Itu adalah masalah yang ditimbulkan oleh desakan aneh Amerika pada olahraga terorganisir yang menjadi akar dari persahabatan yang bermakna. Anak laki-laki ingin punya teman dan mereka akhirnya menginternalisasi gagasan bahwa homososial itu aneh dan menjadi keras dan fisik itu baik. Mereka menjadi percaya bahwa rekan satu tim dan teman dan saudara laki-laki harus memiliki akses ke tubuh satu sama lain. Mereka secara tidak sadar menyerahkan kekuatan mereka untuk menyetujui. Apakah mereka semua mengharapkan wanita melakukan hal yang sama? Tidak. Apakah mereka semua pergi dan mencambuk penis mereka di kantor? Tentu saja tidak. Tetapi naif untuk berpikir bahwa pria kuat melecehkan wanita di tim mereka di tempat kerja hanya karena kedekatan. Itu bagian dari itu (keegoisan dan kemalasan berjalan bersama seperti mengedipkan mata dan belajar), tetapi tentu saja tidak semuanya.
Ciptakan budaya yang diam dan agresif dan akan lebih mudah untuk fokus pada kejuaraan. Anak laki-laki terbiasa. Pria datang untuk menyukainya. Mereka pikir itu normal.
Terlalu sering ketika kita berbicara tentang budaya ruang ganti di luar ruang ganti, diskusi tampaknya didasarkan pada gagasan bahwa budaya ruang ganti pada dasarnya adalah budaya pemerkosaan. Itu tidak benar. Saya telah menghabiskan banyak waktu di banyak ruang ganti dan memiliki banyak percakapan tentang anak perempuan dan perempuan dan kadang-kadang laki-laki. Saya yakin ada beberapa percakapan yang, jika diputar ulang di televisi nasional, akan mempermalukan saya dan keluarga saya. Tetapi mayoritas hanyalah percakapan manusia tentang keinginan. Di Amerika — setidaknya di luar country club dan bus Billy Bush — budaya ruang ganti benar-benar budaya tim. Dan sulit dimengerti, untuk orang-orang yang dibesarkan di lingkungan itu, di mana mereka seharusnya berhenti dan tim seharusnya mulai.
Apakah saya pikir olahraga remaja membingungkan pemahaman saya tentang batasan? Sangat.

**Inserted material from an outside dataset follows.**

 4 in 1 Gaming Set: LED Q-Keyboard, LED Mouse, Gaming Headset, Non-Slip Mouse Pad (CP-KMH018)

Saya tidak bisa kembali dan menghilangkan pengalaman itu sehingga tidak mungkin untuk membandingkan dan membedakan, tapi saya terkadang lebih kasar dengan orang daripada yang seharusnya dan saya menekan keinginan untuk mengatakan, "Jangan sentuh saya" sebagai masalah tentu saja. Kebiasaan susah hilang. Apakah bertahun-tahun terbungkus handuk, duduk di bangku kayu mengubah perilaku saya terhadap wanita? Saya tidak berpikir begitu atau, lebih baik lagi, saya ingin percaya bahwa itu tidak terjadi. Tapi rasanya tidak masuk akal lagi bagi pria straight seperti saya untuk dengan percaya diri menegaskan kebajikannya sendiri. Tentunya saya bisa menemukan cara untuk lebih menghormati.

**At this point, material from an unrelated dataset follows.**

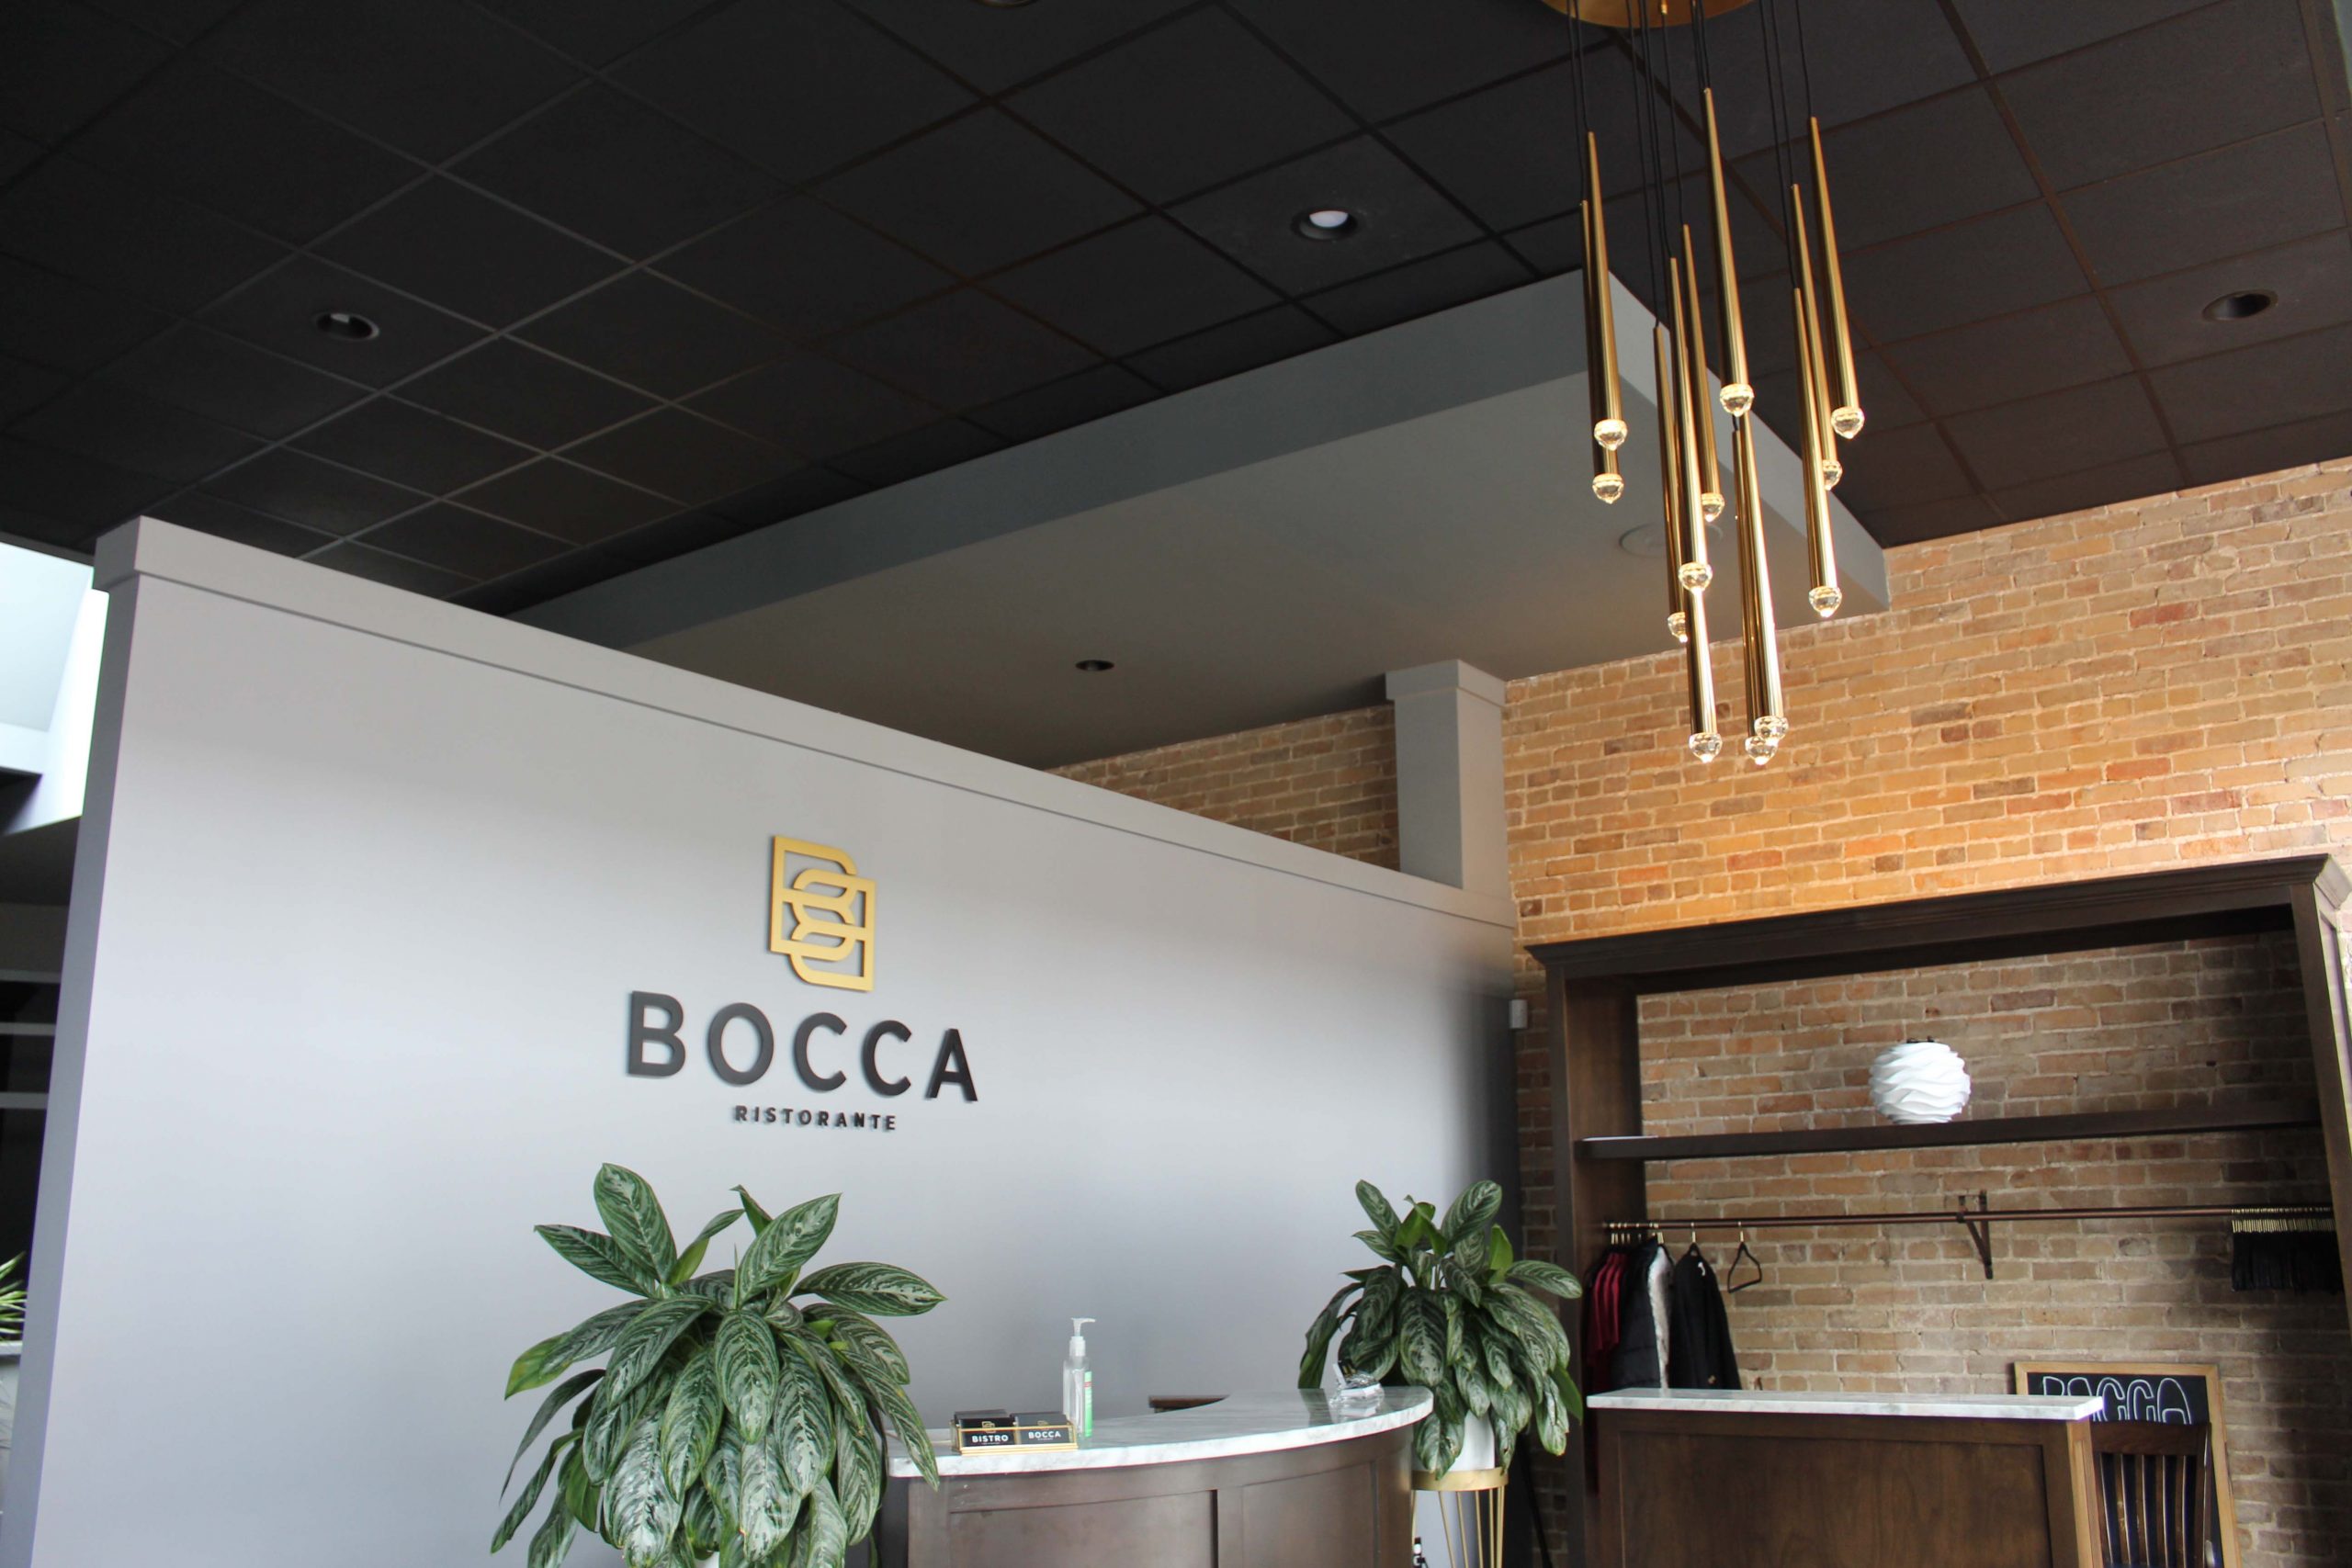 Bocca Ristorante featured in Iron City Ink article, “Eateries hope to attract World Games visitors

Begitu juga para pelatih muda saat ini dan begitu juga rekan-rekan setim muda. Dengan mengajari anak-anak bahwa tim terdiri dari individu dengan kebutuhan individu, kami dapat membantu atlet muda menjadi pemimpin yang lebih empatik dan bijaksana. Dengan mengajari anak laki-laki untuk merawat rekan tim mereka yang lebih pendiam, kita mungkin dapat mempersiapkan mereka untuk melayani mereka yang berada dalam posisi lemah di masa depan — atau hanya untuk tidak menyalahgunakan posisi yang kuat. Apakah anak laki-laki sekolah menengah masih akan menjadi bajingan dari waktu ke waktu? Itu pasti. Tapi kita bisa meminta mereka untuk berbuat lebih baik. Bagaimanapun, itulah yang dilakukan rekan tim yang baik.